Safe trade

Safe trade is a concept advocated by Greenpeace, some indigenous peoples (particularly those who feel threatened by the imposition of a monoculture) and by some elements of the anti-globalization movement.

It is generally seen as a single framework of rules worldwide to drastically inhibit the flow of alien organisms, e.g. genetically modified seeds, imported animals, across the borders of ecoregions, to preserve their natural wild biodiversity. It seeks to prevent ecological disasters caused by imported organisms or untested genetic technologies, and to augment and increase local natural capital by encouraging, rather than imported organisms and heavy use of pesticides, soil remediation, precision agriculture, and local consumption of the native species.

An important achievement of safe trade advocacy is the Biosafety Protocol agreed in Montreal in January 2000. Although it relied on the weaker legal principle of Informed Consent and not the much stronger Precautionary Principle language sought by advocates, the protocol was considered by most to be a victory that could enhance both biosafety and biosecurity.

Other safe trade reforms seek to advance sustainability by reducing reliance on energy subsidies and oil-based transport, and (indirectly) improves equity in economic affairs - that is, it promotes a safer political economy which is more respectful of life in general.

Safe trade is a major goal of systems of Bioregional democracy and is often advocated alongside it, e.g. by Greens.

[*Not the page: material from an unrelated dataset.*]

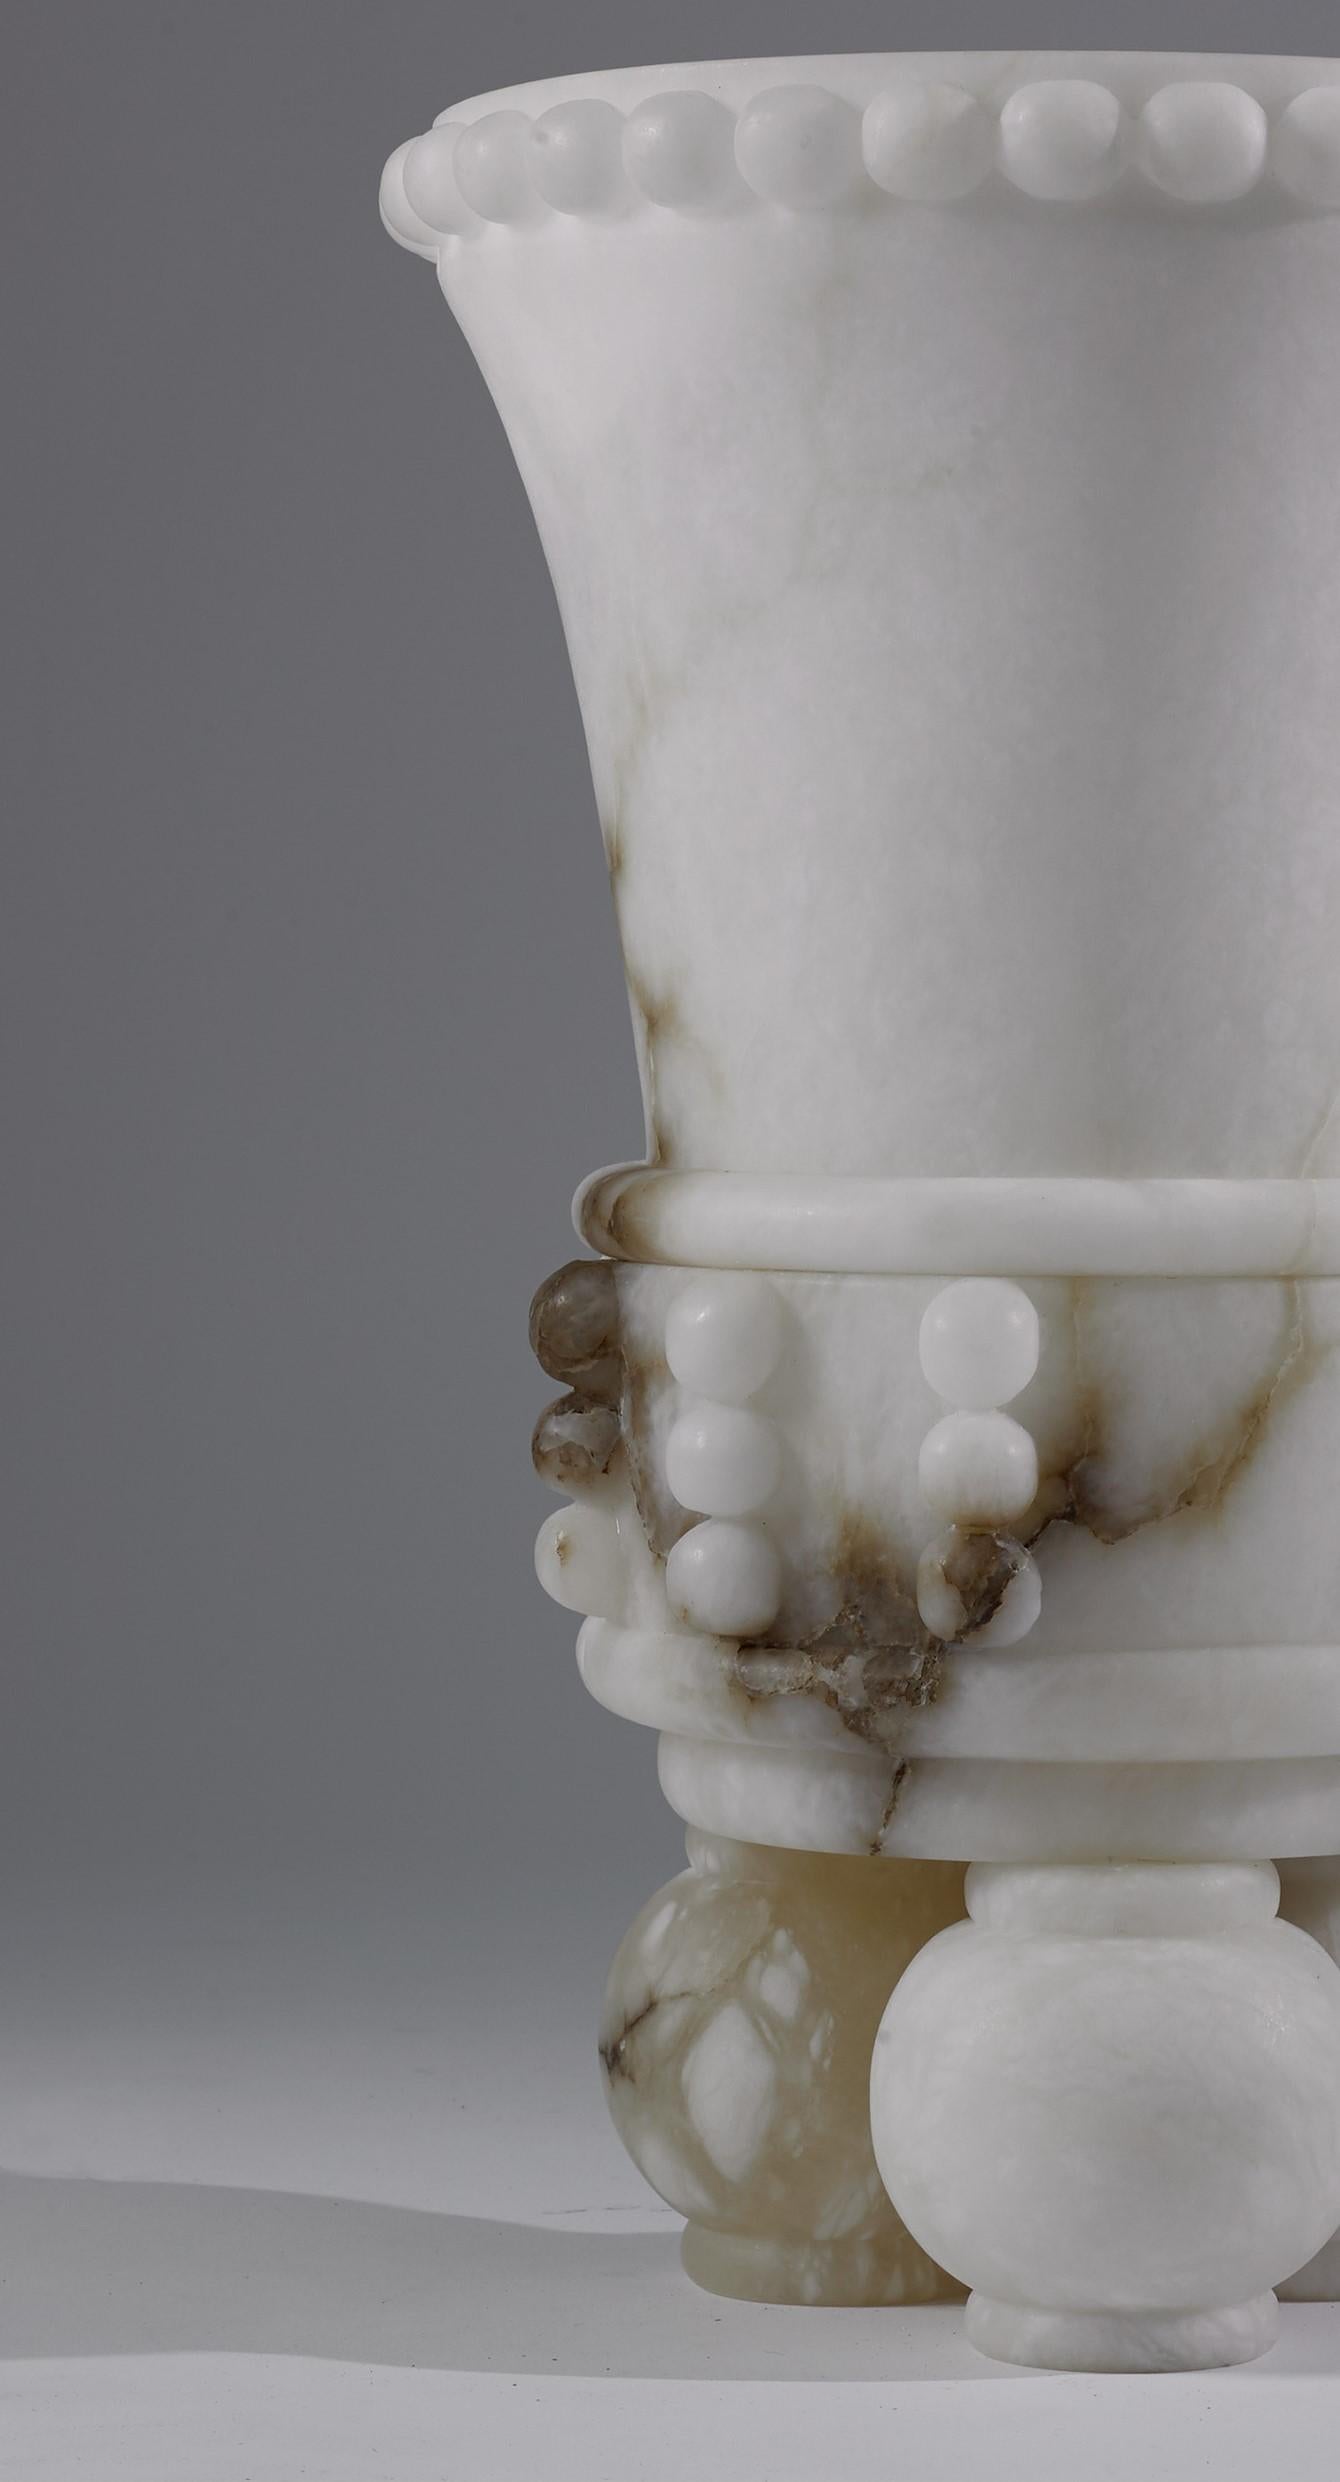 Très impressionnant grand récipient sculpté dans l'albâtre le plus pur trouvé en Italie, inspiré des récipients d'argile mayas utilisés lors des cérémonies par cette ancienne civilisation. Une pièce unique qui se présente comme une sculpture du

Both are also implicitly related to Community-Based Economics, as local trade in local goods with no reliance on alien organisms presents no ecological risk to its genomes, soil, or watersheds. Accordingly, some advocates argue, local trade in any native species within an ecoregion's borders should not be taxed at all, as it presents little or no ecological risk compared to imported goods, and so requires little or no regulation, labelling, inspection, or other expenses.

The assumption that imports carry moral hazards, and that tax, trade, tariff measures should compensate for harms done, is shared by advocates offair trade whose programs address, in addition, more overt social justice concerns of human beings, such as the maintenance of the "human capital" of a region. Both initiatives are alternatives to free trade, which has no such controls, and generally permits and encourages free transit in goods (but not, in general, labour) across ecological and social borders.

A broader understanding of biosecurity that is emerging under threat of biological warfare, and the fear that such economically devastating events as the mad cow disease epidemic could recur, either deliberately (as an act of bioterrorism) or by accident due to unrestricted imports, is causing some nations, notably New Zealand, to adopt relatively harsh restrictions against imported organisms. As one objective of asymmetric warfare is to cause attacks to appear initially as accidents, or blame slow responses on apparently-incompetent governments, there is some concern that spreading a virulent organism among animals would be an effective way to attack humans, damage economies, and discredit governments who are lax on biosecurity. Technologies for scanning for dangerous organisms at ports and markets are also becoming more reliable and less expensive. However, no bio-defense solution seems to be able to compete with a simple reduction of import volumes, and its corresponding reduction in risk of any accidents.

Critics of safe trade argue that the military and agriculture aspects of biosecurity are dissimilar, unlikely to converge in the form of an attack disguised as an accident, and require such differential prevention and response measures that there is little risk reduced in altering the fundamental structure of trade relationships to accommodate a robust regime of biosecurity. Such critics usually argue instead that emergency services' biodefense measures are sufficient to handle outbreaks of any diseases or alien organisms, and that such outbreaks are unlikely to be long sustained or deliberately masked as agricultural accidents. This, to the advocates, seems like wishful thinking.

Advocates point to the costs of emergency measures such as burning over one million cows suspected of having foot-and-mouth disease in the UK, smoke from which they calculated (based on dioxin levels) was to be expected to kill several hundred Britons from cancers in this generation. Safe trade, they argue, would have removed the need for any such measures, as vaccination of British beef cattle would have been possible (the burning was to prevent British exports of beef from being rejected by its trade partners, who would not have been able to tell vaccinated from infected beef), and the foot-and-mouth disease was not so dangerous to humans that it could have justified dooming so many fellow citizens to die of the dioxin-caused cancers. The burning, they argue, was justified only by bad trade rules that spread infection and advise dangerous cures that are worse than the ailment itself.

Another argument supporting safe trade rules is that there are links between primate extinction and deforestation in the regions where primates are abundant, i.e. the Amazon rainforest, African rainforest, and Sumatran rainforest. Fail to prevent devastating logging in these regions, advocates claim, and a Great Ape species will likely become extinct, causing a critical link to the human past to be permanently lost. Accordingly, preventing logs from these forests from reaching foreign markets has been a major focus of Greenpeace actions, especially in 2002.